- Genre: Documentary
- Created by: Mint Productions
- Directed by: Niamh Sammon
- Country of origin: Ireland
- No. of episodes: 4

Production
- Executive producers: Miriam O'Callaghan and Steve Carson
- Producer: Niamh Sammon
- Running time: 4×52 minutes

Original release
- Network: RTÉ One
- Release: 13 June – 4 July 2005

= Haughey (TV series) =

Haughey is a four-part mini-series documenting the life of former Taoiseach Charles Haughey which was first broadcast on Irish television channel RTÉ One in June and July 2005. It was aired as part of RTÉ's summer schedule that year.

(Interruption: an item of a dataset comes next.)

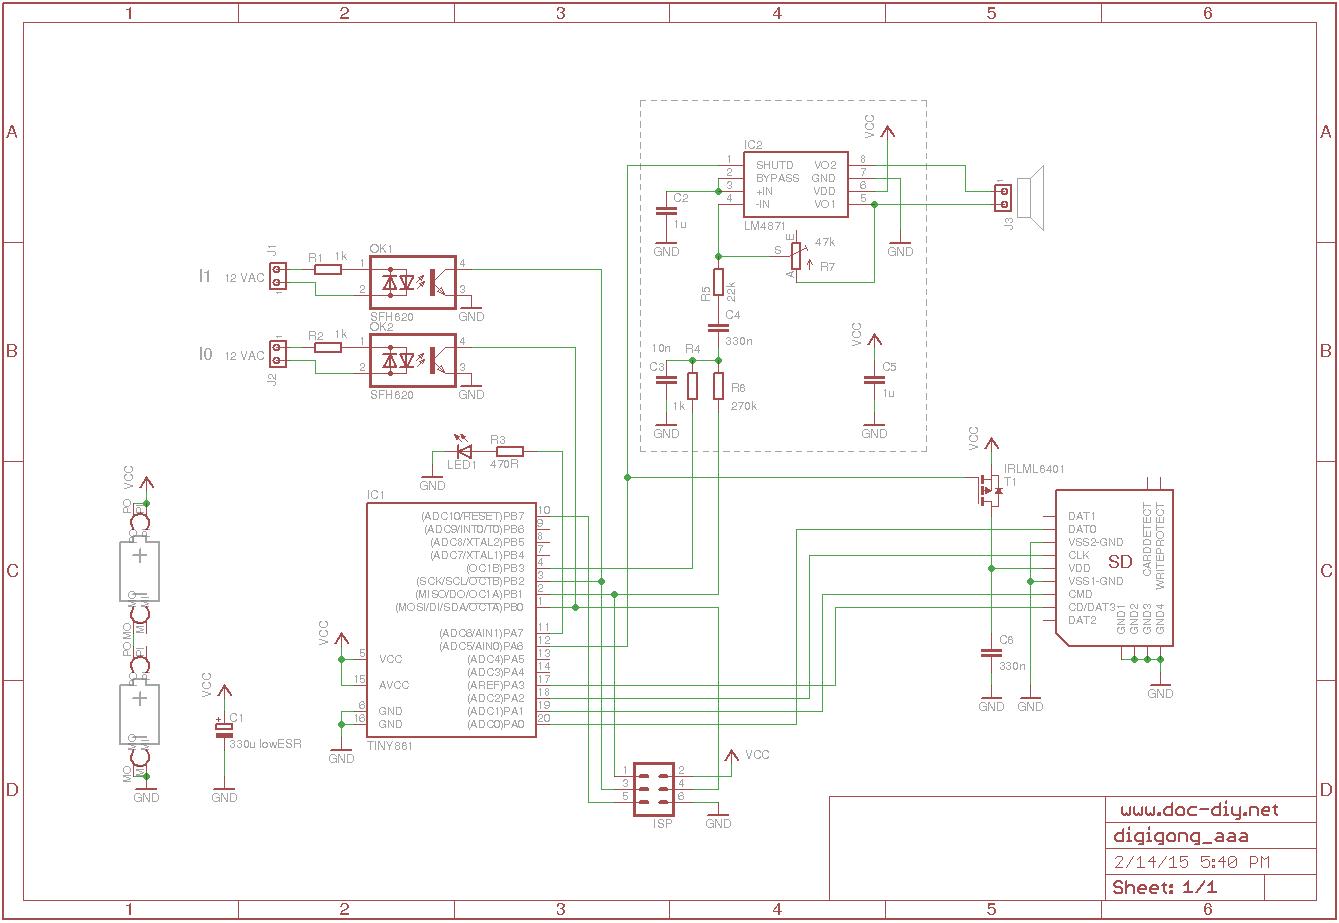 Digigong The Digital Door Bell Ding Dong Circuit Schematics
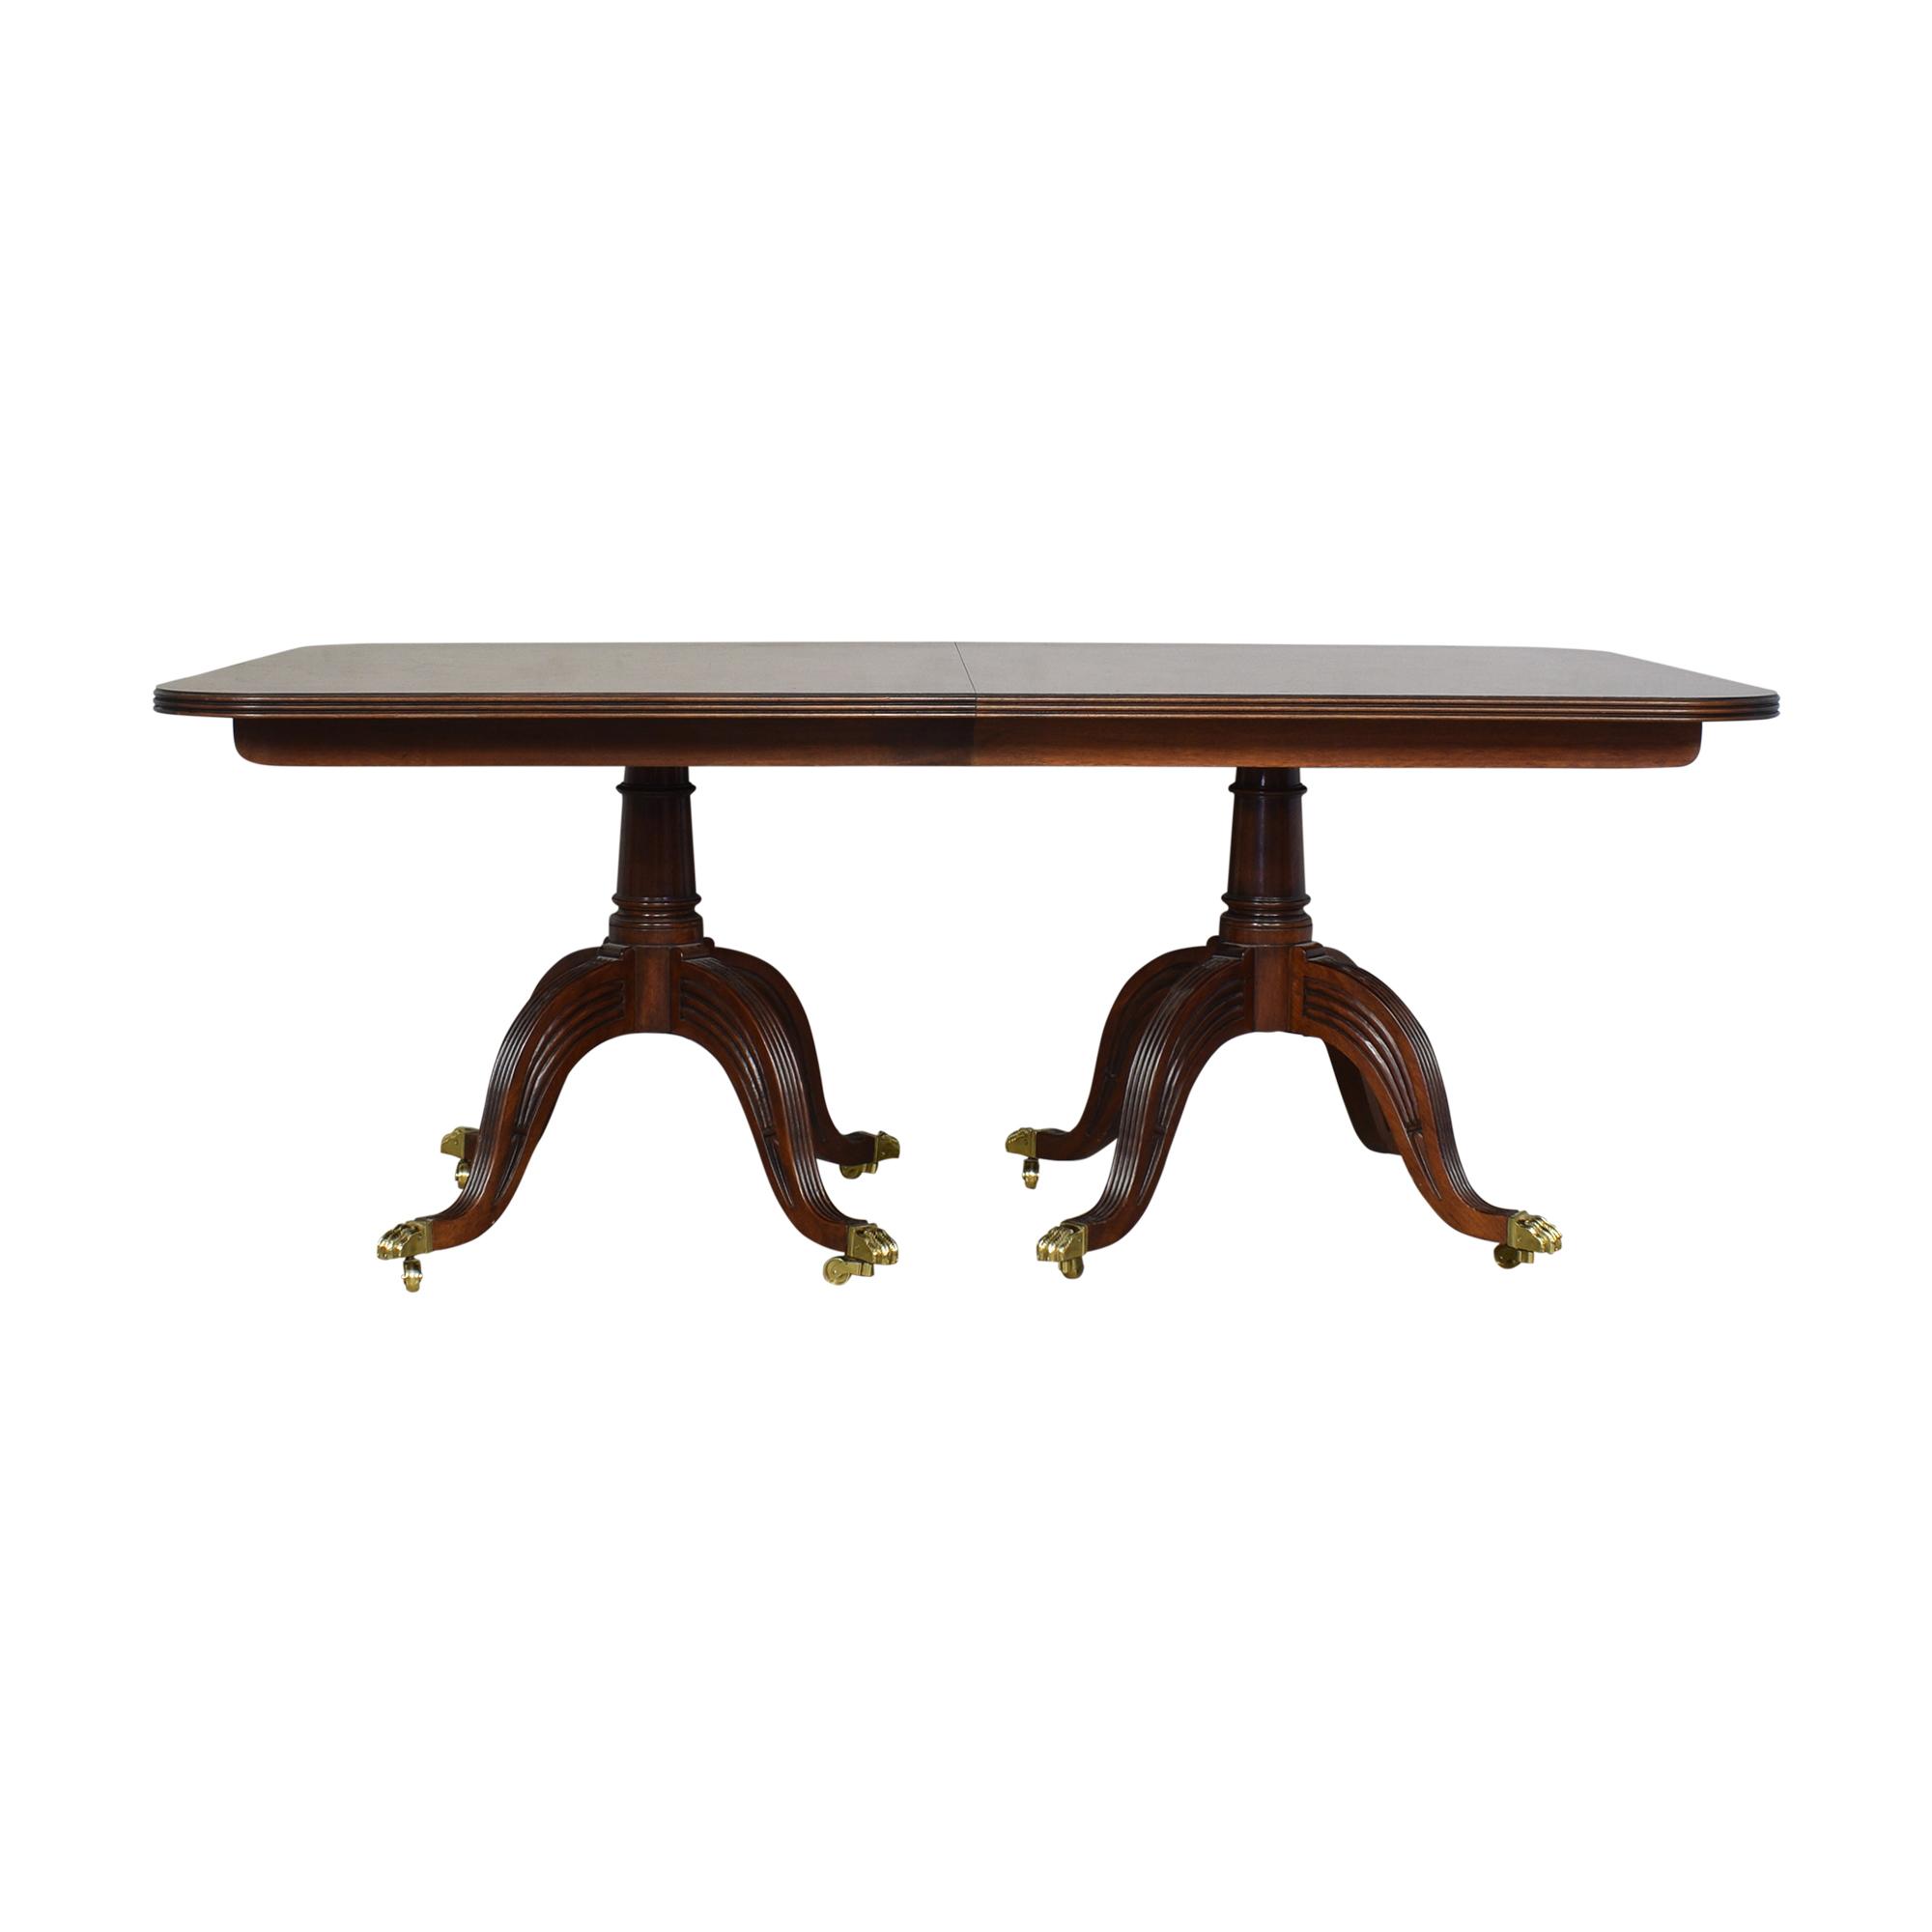 Henredon Furniture Henredon Double Pedestal Extendable Dining Table ct

Haughey is a creation of Mint Productions, the company founded by presenter Miriam O'Callaghan and her producer husband Steve Carson, responsible for the 2003's Fine Gael: A Family At War and later the 2008 Bertie documentary series. Unlike Bertie, which saw one of Haughey's successors as Taoiseach, Bertie Ahern, give a "marathon" three-hour interview to the cameras and national television, Haughey could not be persuaded to take a direct part in the series. However, he did give his blessing to the involvement of his family and friends in co-operating with the programme.

==List of episodes==
1. The Outsider (13 June 2005)
2. Arise and Follow (20 June 2005)
3. The Survivor (27 June 2005)
4. Disclosure (4 July 2005)

==Reception==
The programme provoked much debate throughout its four-week run, drawing fire from many individuals, some with "already sharpened axes to grind anew". The series was accused of being "too soft" on its subject. Desmond O'Malley thought his screened interview unlike that which actually happened. Some of the interviewees were criticised as viewing their part "through the distorting mirror of bitterness or loyalty", whilst "others bore grudges, others were staking their positions for posterity". The series was noted for the wry contributions of former secretary to the government Dermot Nally, the contrasting observations of Haughey's son Seán with those of his daughter Eimear, and the performance of Pádraig Flynn before the camera, which was described as "utterly extraordinary". Questions were, however, raised if a better programme could have been made after Haughey's death when people would feel freer to speak.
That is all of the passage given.